Mon, 24 Dec 2001

Can we rely on our consumption for growth?

Ari A. Perdana, School of Economics, University of Indonesia, Centre for Strategic and International Studies, Jakarta

It was only half a year ago that Chief Economic Minister Dorodjatun Kuntjoro-Jakti said the country's economic recovery would depend on the external economy, particularly foreign investment and loans. The economy requires foreign investment to stimulate the private sector and create employment. Meanwhile, foreign loans are needed to finance the government's budget deficit.

However, as global economic prospects turn gloomy, external factors can no longer be relied upon to stimulate a domestic economic recovery. Responding to the situation, the government has switched its strategy by focusing on domestic consumption as the engine of next year's economic growth.

There are no ideological reasons for this policy switch; it is purely pragmatic and logical. When the government budget and private investment are inadequate sources of growth, domestic consumption is the only remaining element of the Keynesian macroeconomic equation.

There are reasons for relying on domestic consumption. In the past two years, domestic consumption has been the main source of economic growth, as measured by changes in gross domestic product (GDP). This has been reflected in statistical data as well as in the real world: for instance, the constantly crowded shopping malls and electronic and automotive exhibitions. The reported rise in electricity, fuel and telephone usage provides further evidence.

Dorodjatun has also pointed out that robust domestic activity has attracted smuggling and illegal imports.

But to what extent can economic recovery rely on domestic consumption? There are three things to note before deriving a conclusion.

First, the high consumption level for the past two years has been driven by the consumption habits of the middle and high- income groups. It has not been a general increase in the purchasing power of the whole society.

During the crisis, these segments preferred to store their wealth in banks or foreign currency. After the peak of the crisis, and having earned additional income from interest and foreign exchange, these groups resumed their postponed consumption. It is questionable whether this level of consumption can be maintained if the economy is still muddling along, or if the rupiah remains weak.

Second, it is important to boost the consumption and increase the purchasing power of the whole society, not only the middle and high-income strata.

This suggests other types of policy, especially controlling inflation and alleviating poverty. However, in reality there may be policy conflicts. The main instrument for tackling inflation is currently high interest rates, which are naturally a constraint on high consumption and economic growth.
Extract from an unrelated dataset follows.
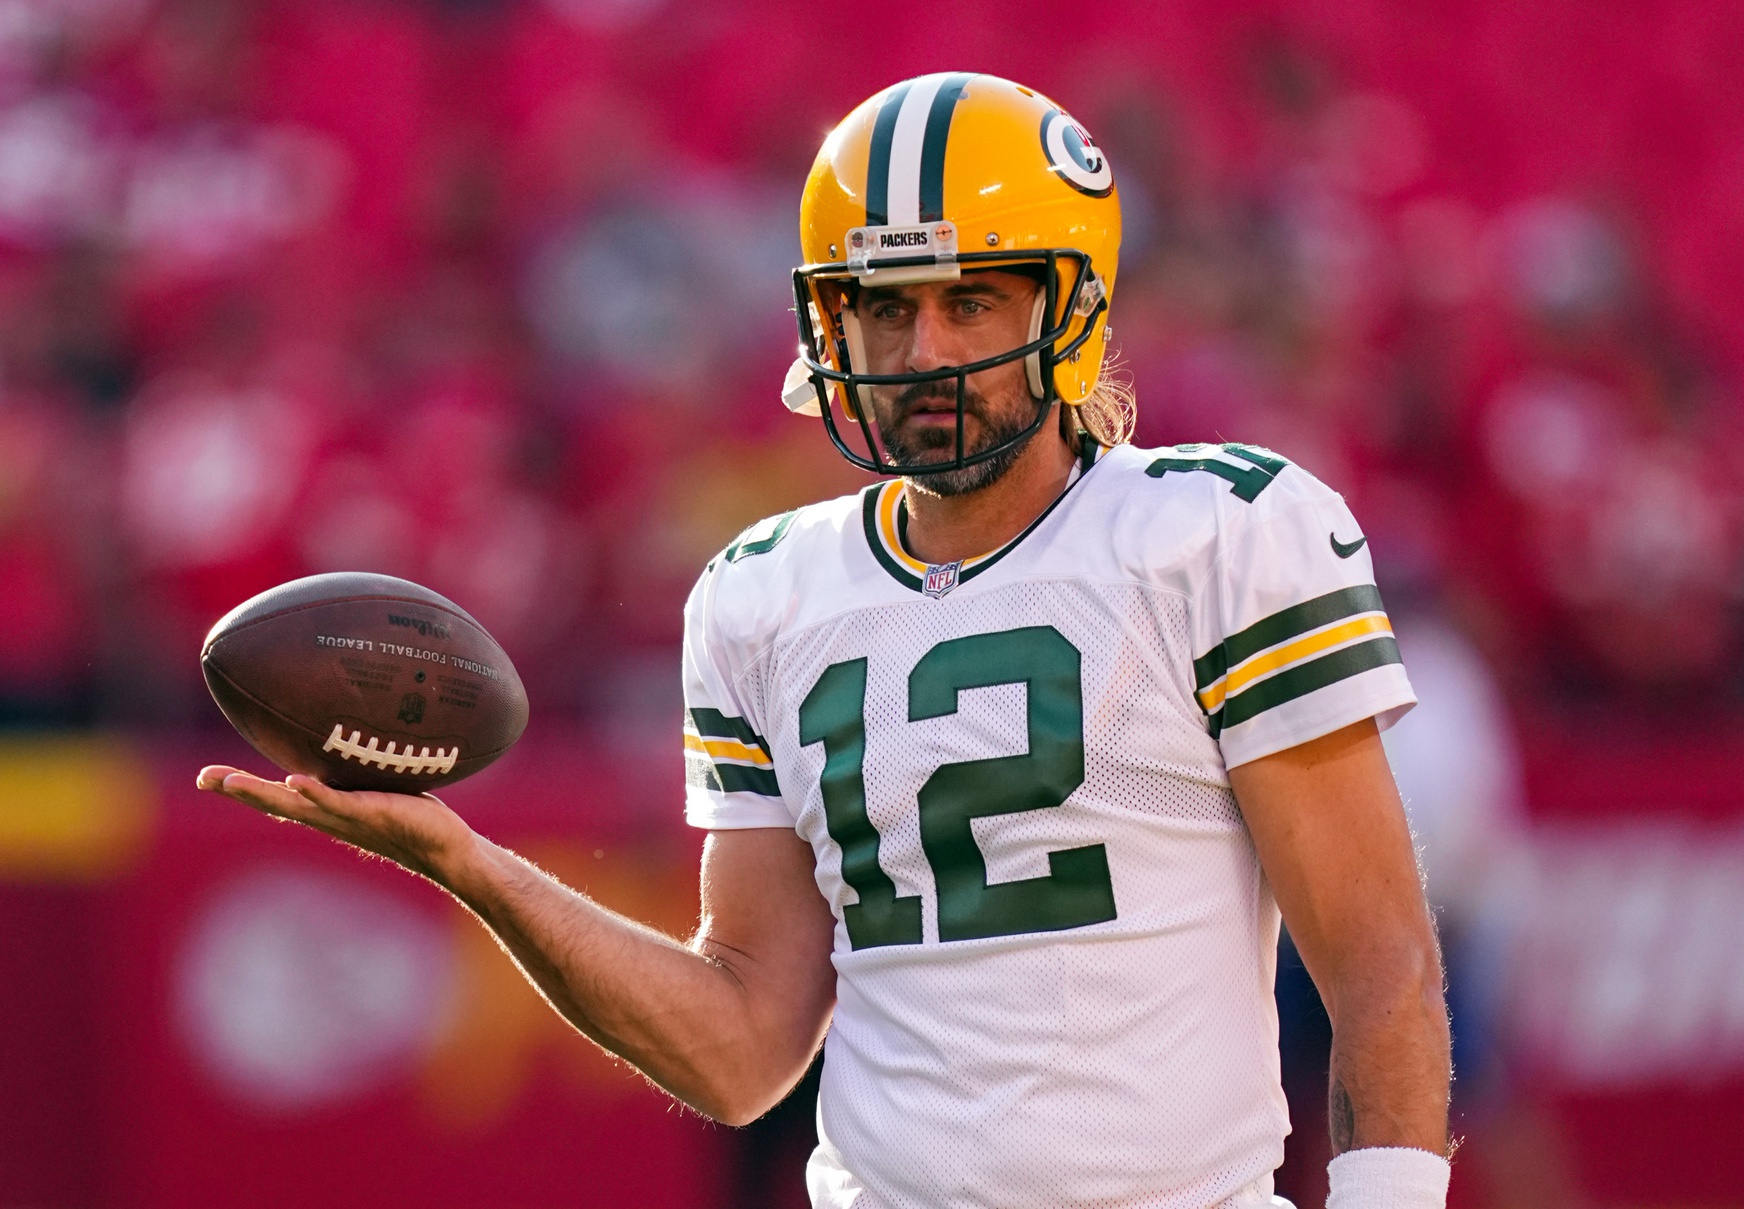 Should you select Aaron Rodgers in fantasy drafts?

On the other hand, poverty alleviation strategies will still depend on the government's fiscal policies, through subsidies and other development spending. Nonetheless, the room to provide such a fiscal stimulus is very small.

Third, also on the fiscal side, increasing purchasing power requires a loose taxation policy. But at the same time the government is desperate to boost its domestic revenue, including income tax. This is another policy conflict, and clearly it is hard for the government to set its priorities.

Hence, boosting domestic consumption may look simple in the textbooks, but will not be so simple in reality. Furthermore, it is important not to think of consumption as a possible long-term solution for economic recovery.

We cannot expect consumers to increase their spending infinitely. Besides, it is unrealistic to expect consumption to grow if the economy does not produce. So, the long-term solution is to increase the production capacity of the economy. To achieve that, there are two immediate tasks that need to be addressed.

First, boost investment. New investments directly increase the production capacity in the real sector, create demand for labor and provide new jobs.

Second, accelerate the privatization and asset restructuring process. This will generate revenue to finance the government's budget deficit and provide greater room for fiscal stimulus. This means more funds for subsidies and development spending. Too many assets under the government's control burden both the government and the economy as a whole, since it reflects an inefficient allocation of resources.

In conclusion, boosting domestic consumption is a complement to, not a substitute for, the long-term solution.